Tags
Published: Verve Magazine, Nerve, Art Pick, September 2013
Former newspaper cartoonist, Raghava KK, uses art and technology as a means of storytelling – often dramatic and radical
He’s one of CNN’s 10 most remarkable people (2010), a four-time TED speaker, a lecturer at top American schools and his iPad book, Pop-it, won several awards, including a Kirkus Book Award (2011). New York and Bengaluru-based artist, Raghava KK quit school at 18 to start his career as a newspaper cartoonist. Now, the successful young artist is also actively involved in a radical education initiative, NuVu Studios, an offshoot of Harvard and MIT, to redefine creativity in education. He combines art and technology to bring multiple perspectives into the deployment of knowledge. His new show That’s All Folks! has come about through “the emotional mapping of the three disparate worlds: The Cartoon, The Historical, The Memetic”. Verve catches the artist, who believes in “non-linear, dispersive, collaborative storytelling” for a few questions.

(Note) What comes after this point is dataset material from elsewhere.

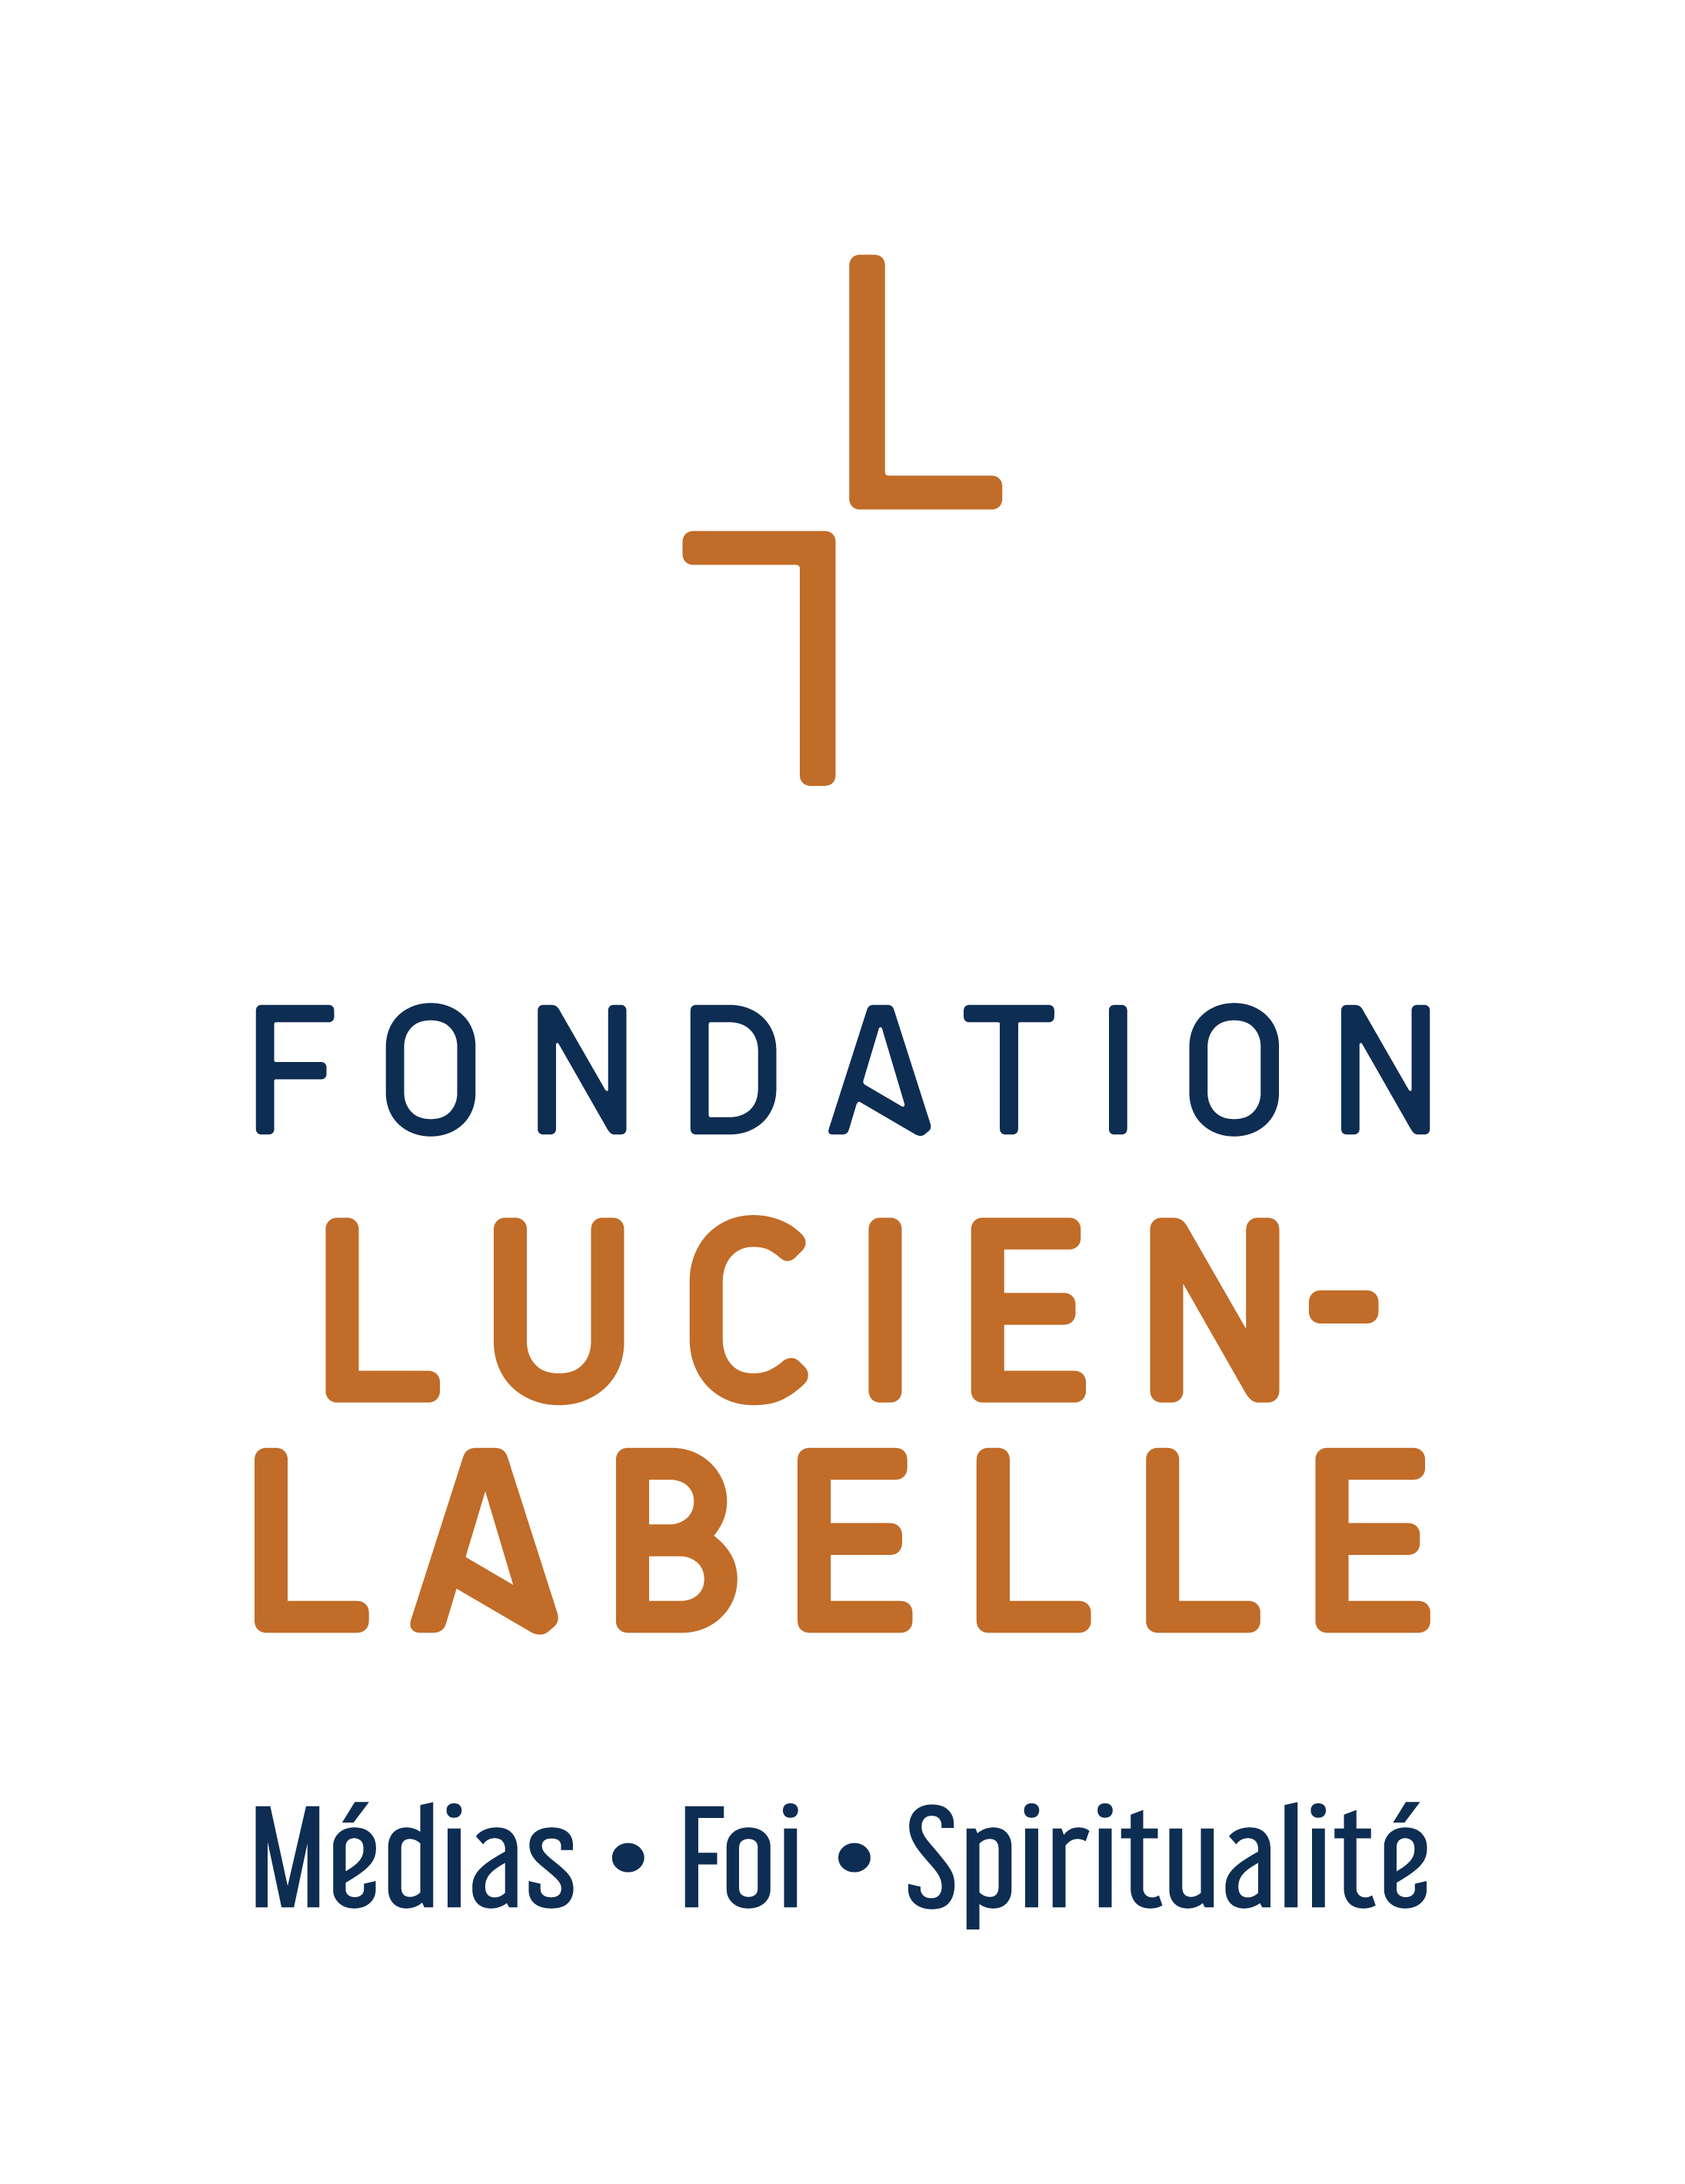 FONDATION LUCIEN-LABELLE
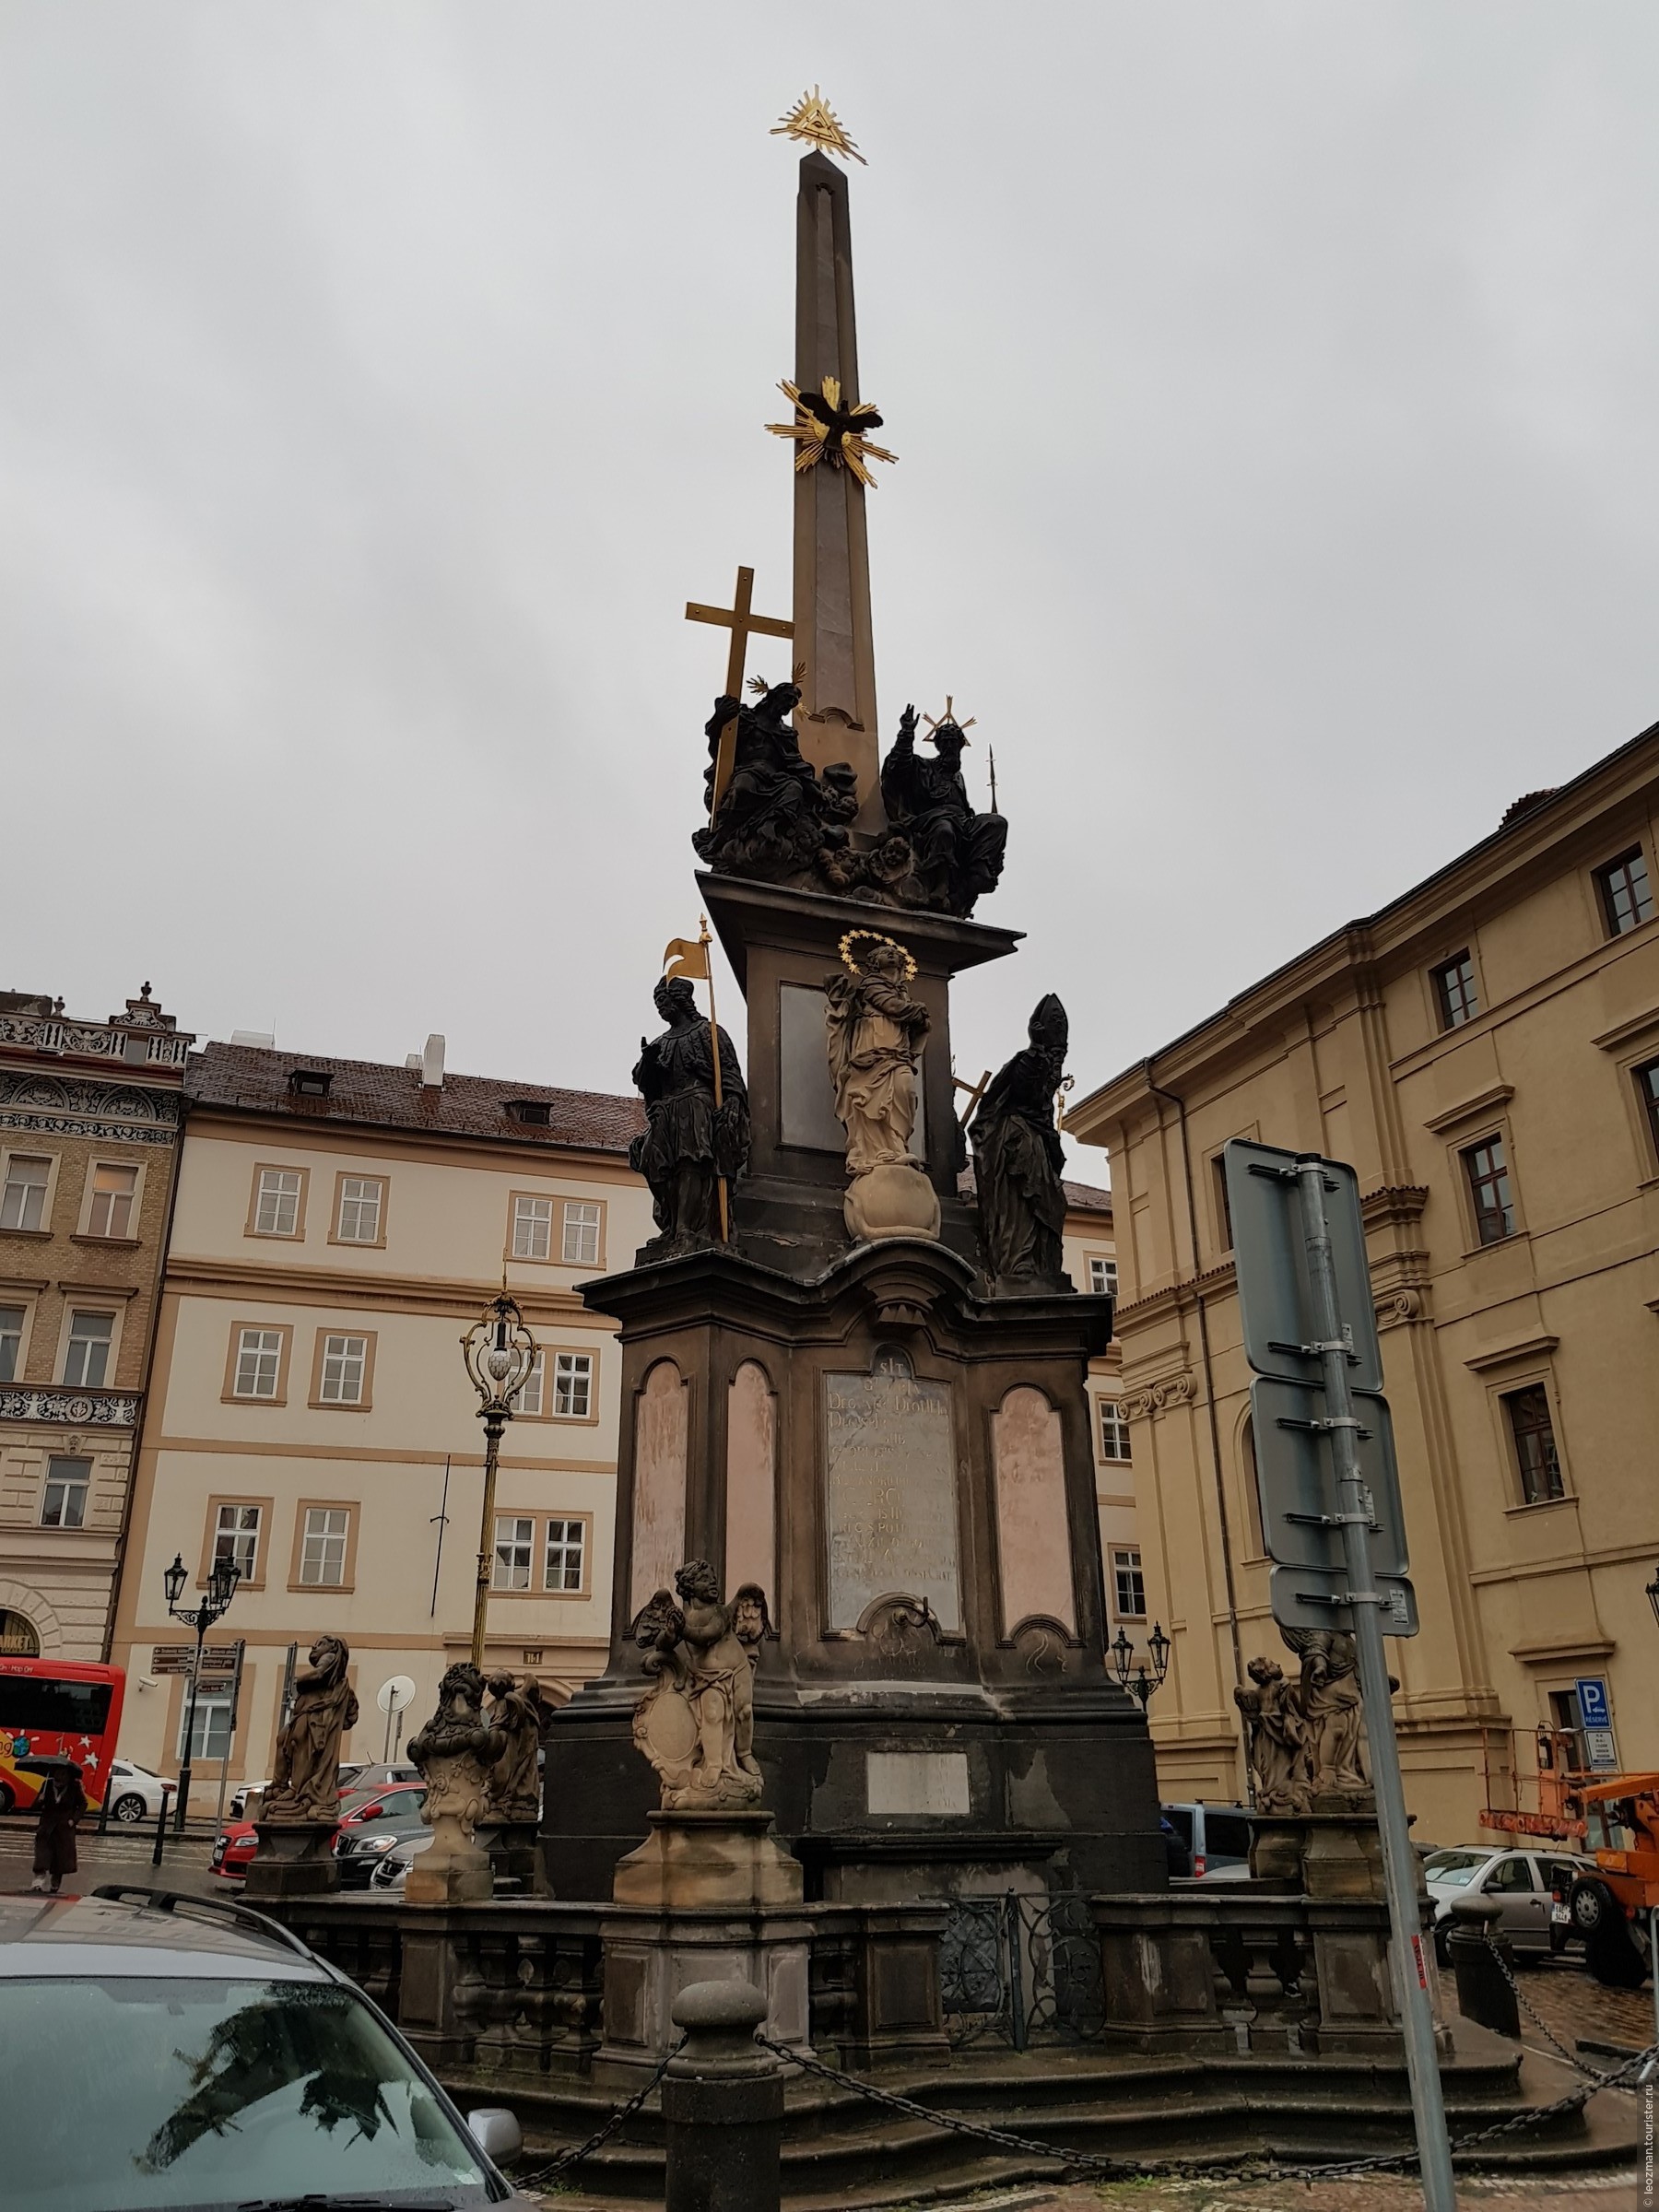 Австрийский город с чумной колонной 4 буквы. Чумная колонна в Праге. Чумной столб в Праге. Моровые столбы в Праге. Чумная колонна (Вена).

Raghava KK’s solo show, That’s All Folks!, will be on at Art Musings, Colaba, Mumbai, from September 4 to October 25, 2013.
RAGHAVA SPEAK
How does your iPad art book Pop-it bring perspectives to children?
I created the book when my first child was born. Pop-it is about the things children do with their parents. It shakes up the concept of the ideal family and is meant to expose children to multiple perspectives at the earliest stage. The book starts out with a gay couple raising a child. If you shake the iPad, you get a lesbian couple. Shake it again, and you get a heterosexual couple. I can’t promise to bring my children up without biases, but I can promise to expose them to as many biases as possible.
Where do memes in art take us – are they a bridge between the graphic form of visual storytelling and the print form?
Contrary to what it may appear, memes serve exactly the opposite purpose. The meme breaks the bridge, giving the graphic a life and context of its own, disconnected from its original intent. (A meme, like a gene, contains certain properties, including the ability to self-replicate. But unlike a gene, a meme can move laterally and hierarchically from host to host, much like a parasite would. Memes create emergent phenomena when they reach critical mass and have a life of their own, separate from the life of their creators and replicators.)
Your interactive artwork brings together science, technology and art….
My brainwave art pieces use the viewers’ thoughts and mental state (read by an EEG headset) to dynamically bias and change the artwork. I am currently developing works using other biochemical sensors, kinect hacks, and a new touch-screen frame technology. These works are changing the role of the viewer from that of just a spectator to an active, biasing participant in the artwork.
Do you see the extinction of the traditional canvas?
Each medium, whether paint, digital, iPad, or performance, lends a unique perspective to the visual experience. I don’t see the future as doing away with any one of these unique forms of expression. Instead, I see a more inclusive pool, where there will be unique combinations and re-combinations of these mediums arising in new exploratory visual experiences.